Task description: From the material below, reproduce exactly the stretch of lines that begins with the line holding "Ian Connell Sensei" and ends with the line holding "Guanaco in Torres", skipping the pictures.

Records supplied:

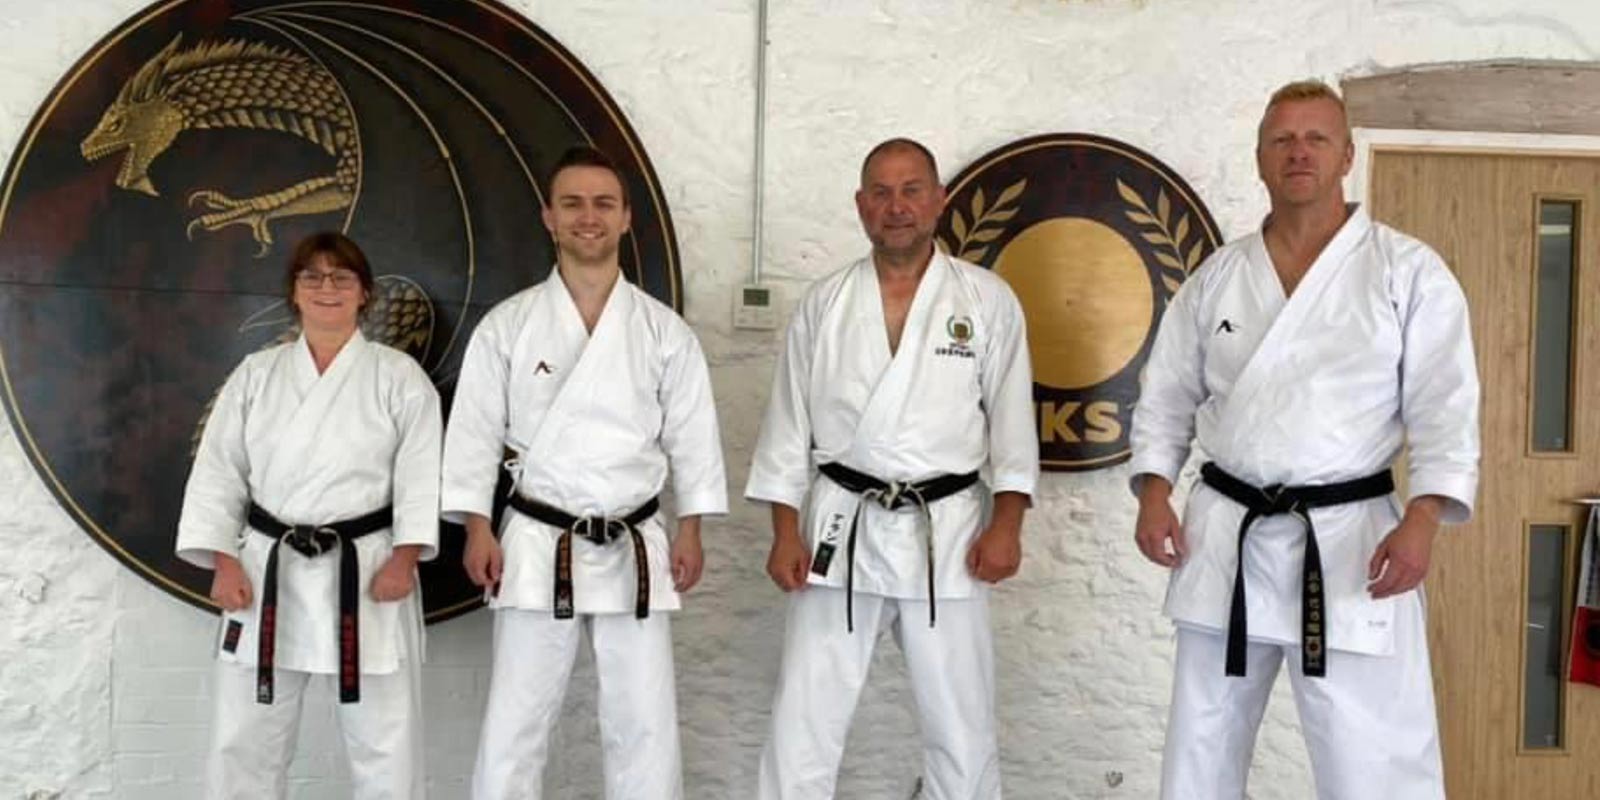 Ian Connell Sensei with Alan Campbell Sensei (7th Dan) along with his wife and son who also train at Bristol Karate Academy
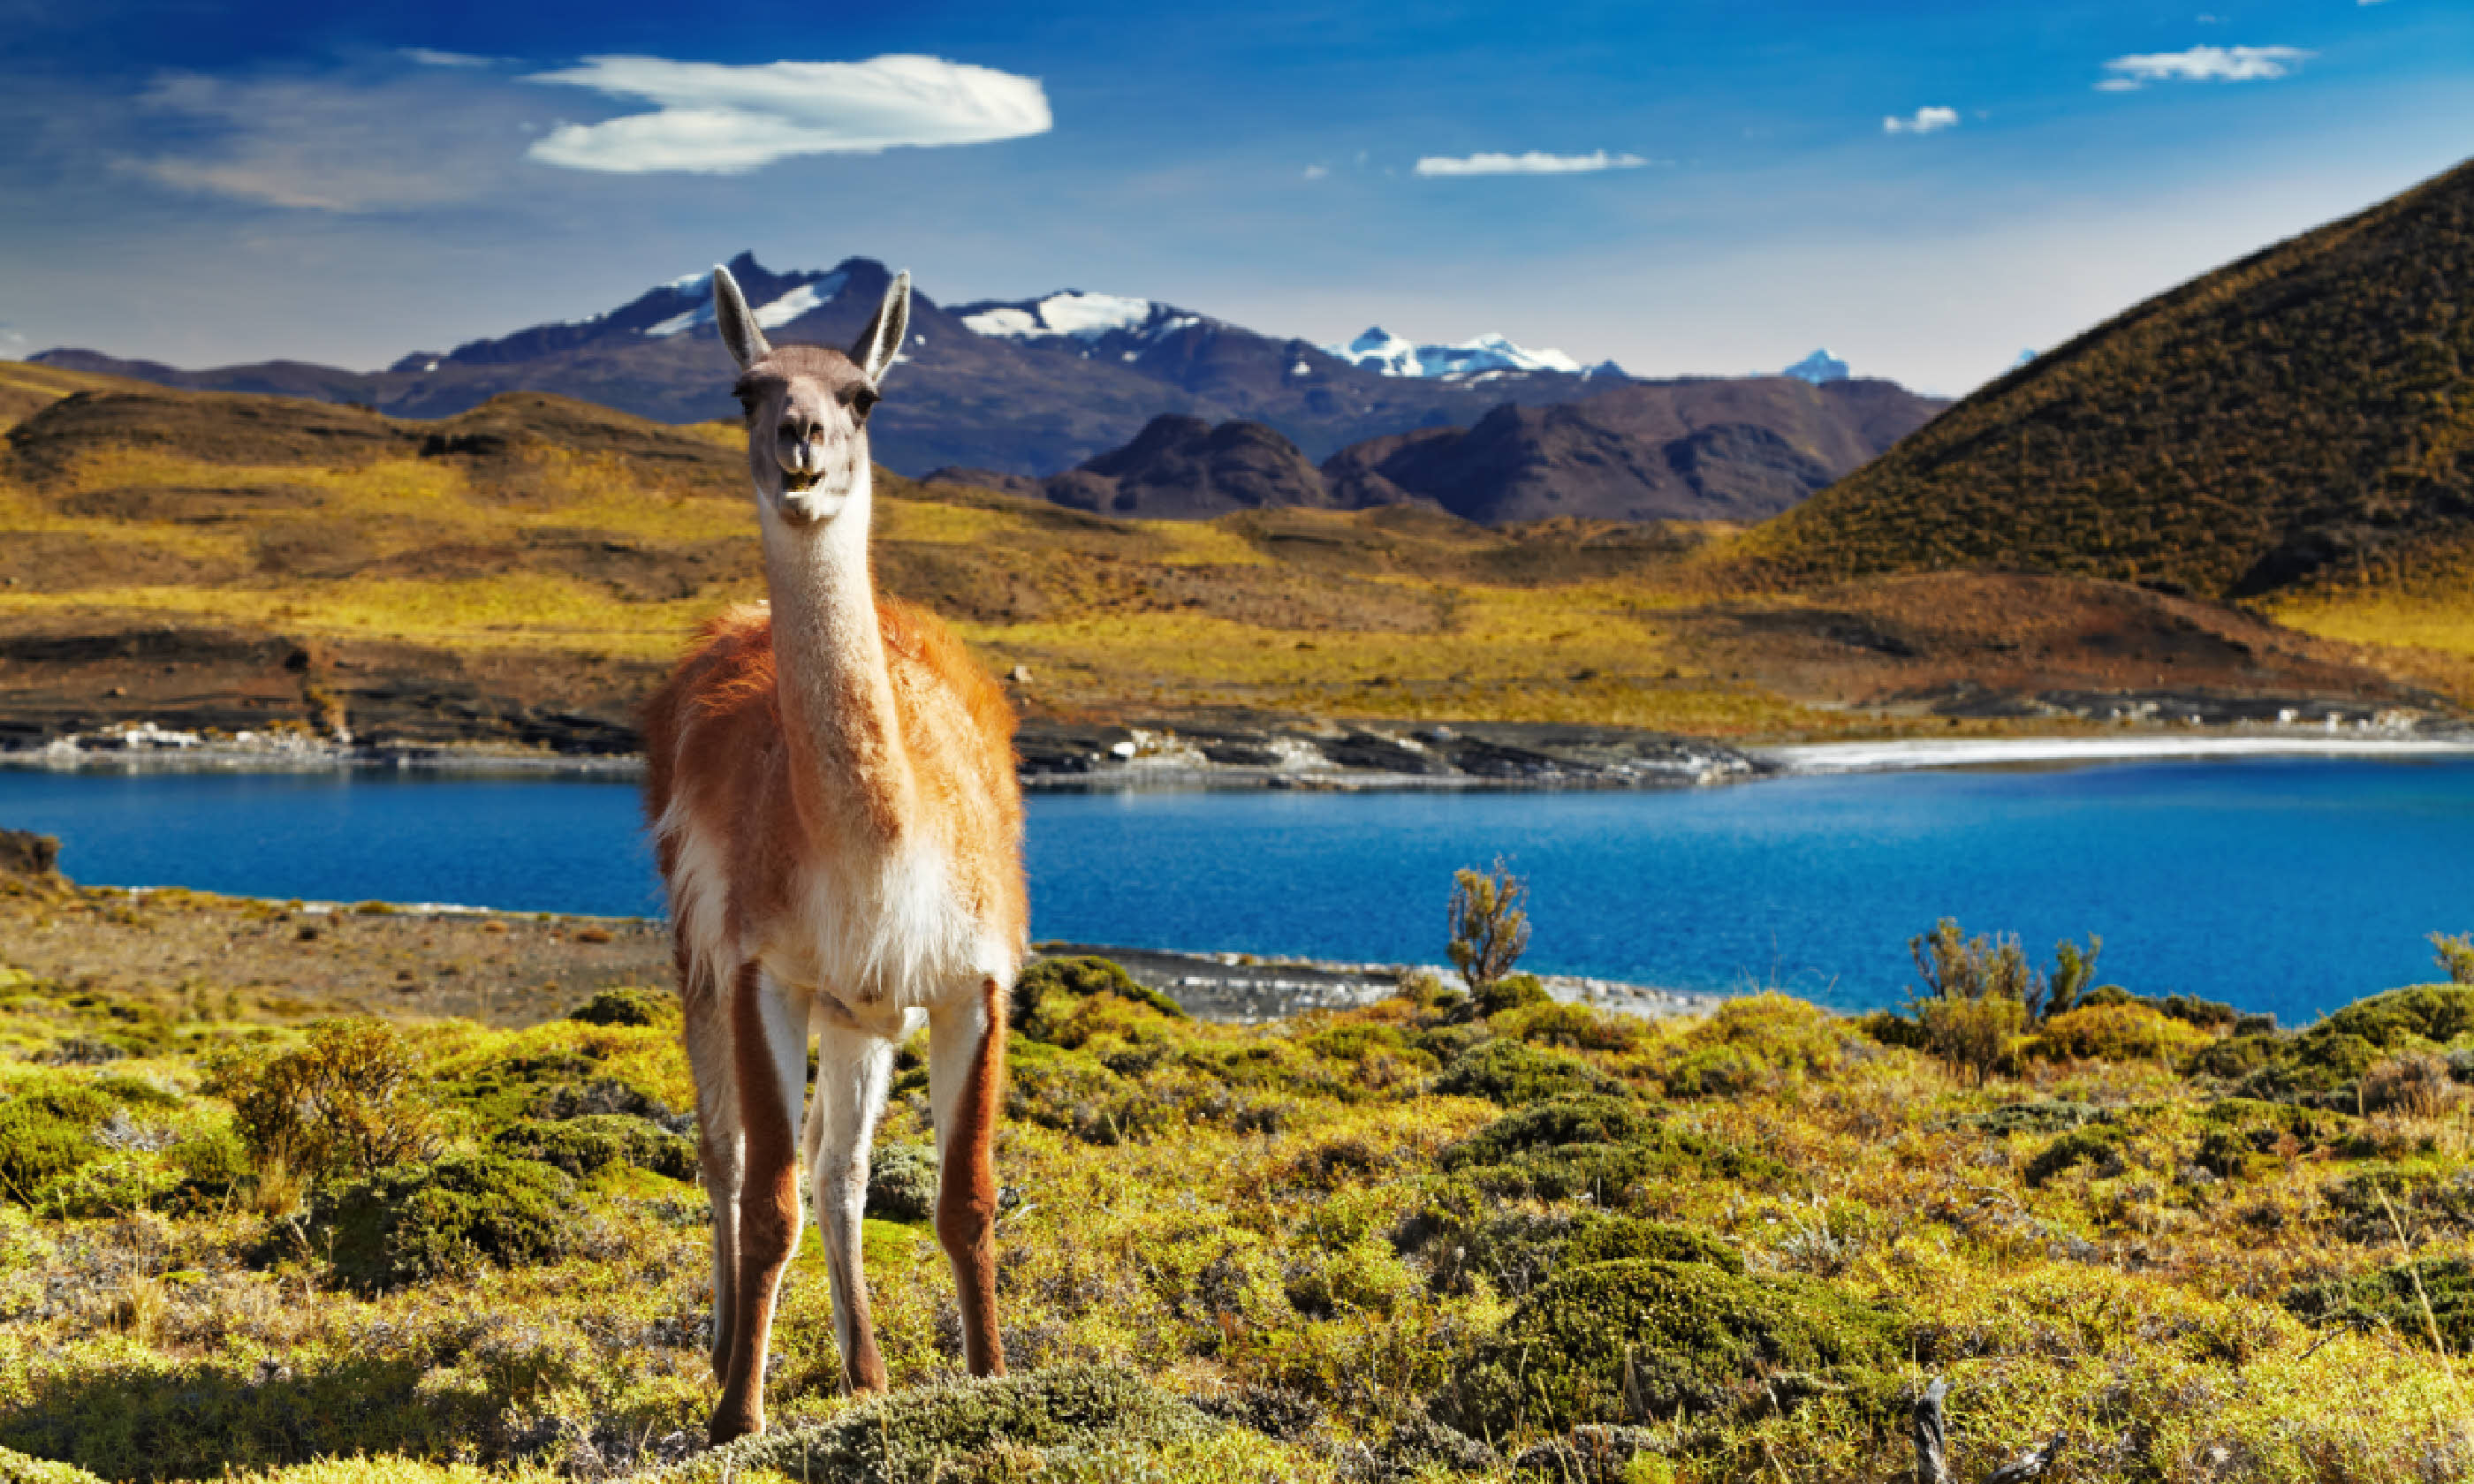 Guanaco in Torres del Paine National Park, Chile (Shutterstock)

...

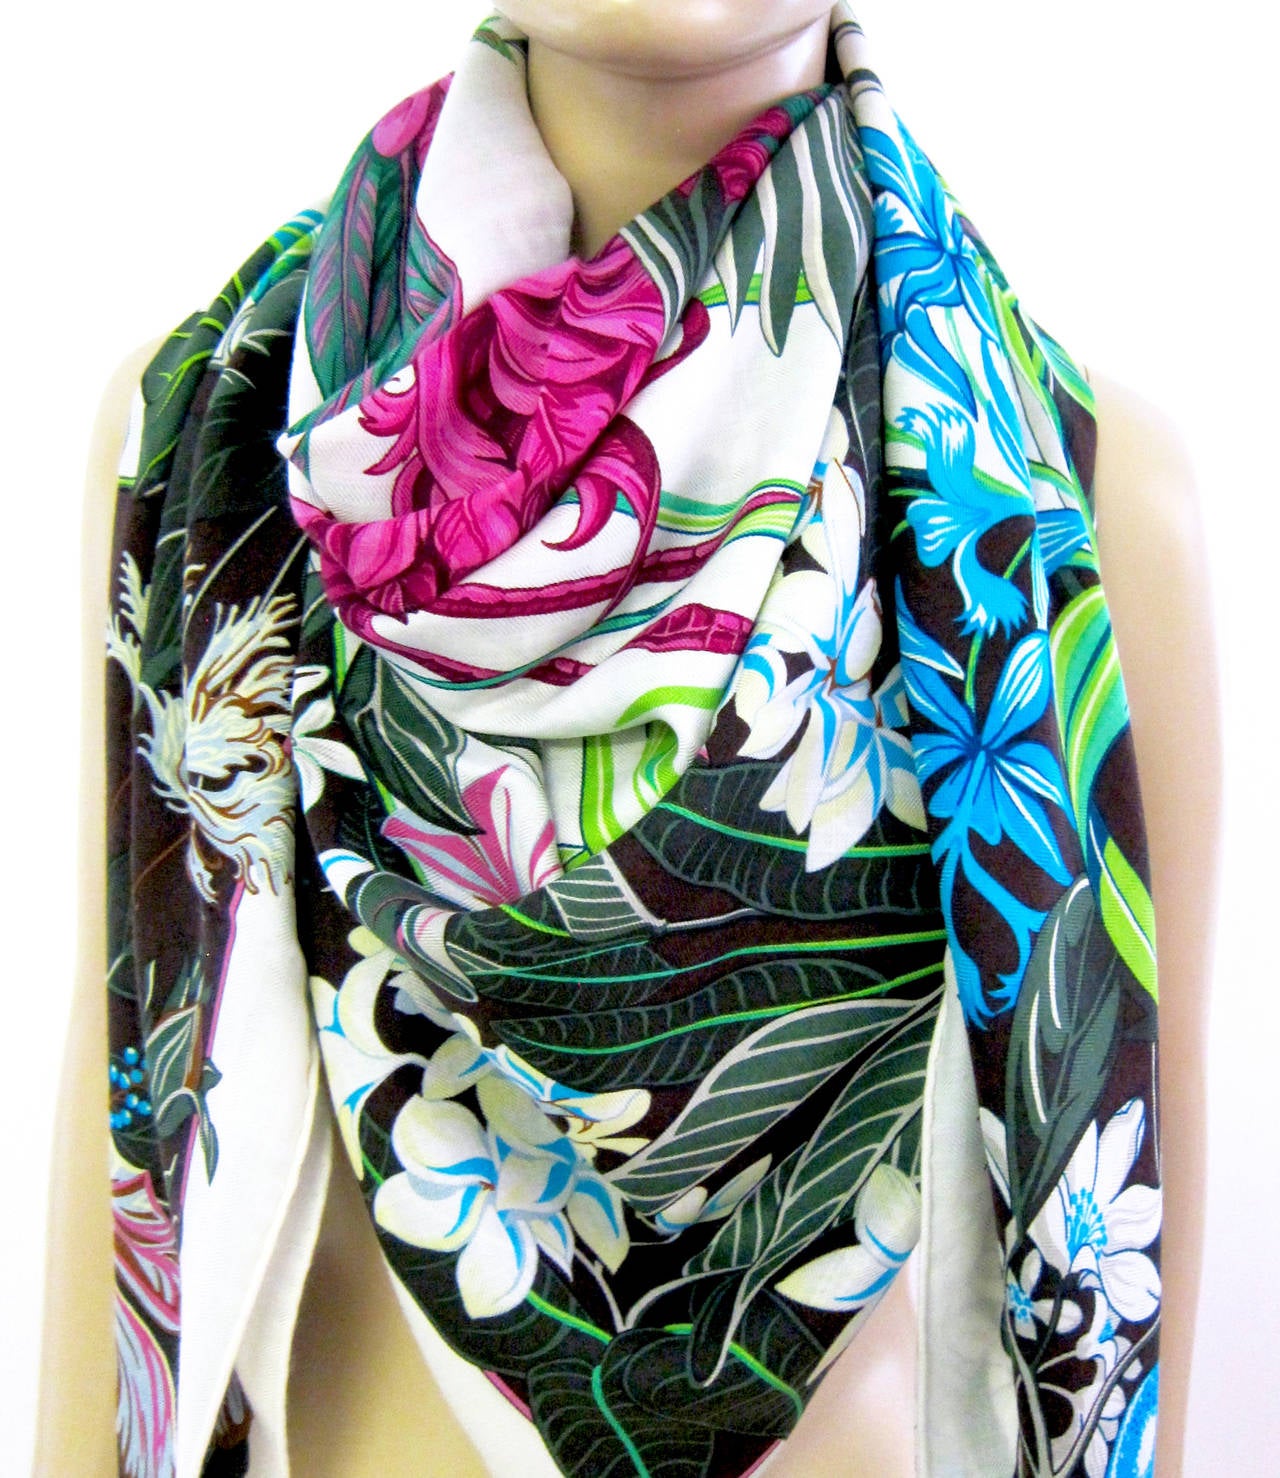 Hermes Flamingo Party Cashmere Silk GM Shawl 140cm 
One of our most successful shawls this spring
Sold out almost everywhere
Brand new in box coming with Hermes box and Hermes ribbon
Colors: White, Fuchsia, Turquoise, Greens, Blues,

Solution to this task:
 Ian Connell Sensei with Alan Campbell Sensei (7th Dan) along with his wife and son who also train at Bristol Karate Academy
 Guanaco in Torres del Paine National Park, Chile (Shutterstock)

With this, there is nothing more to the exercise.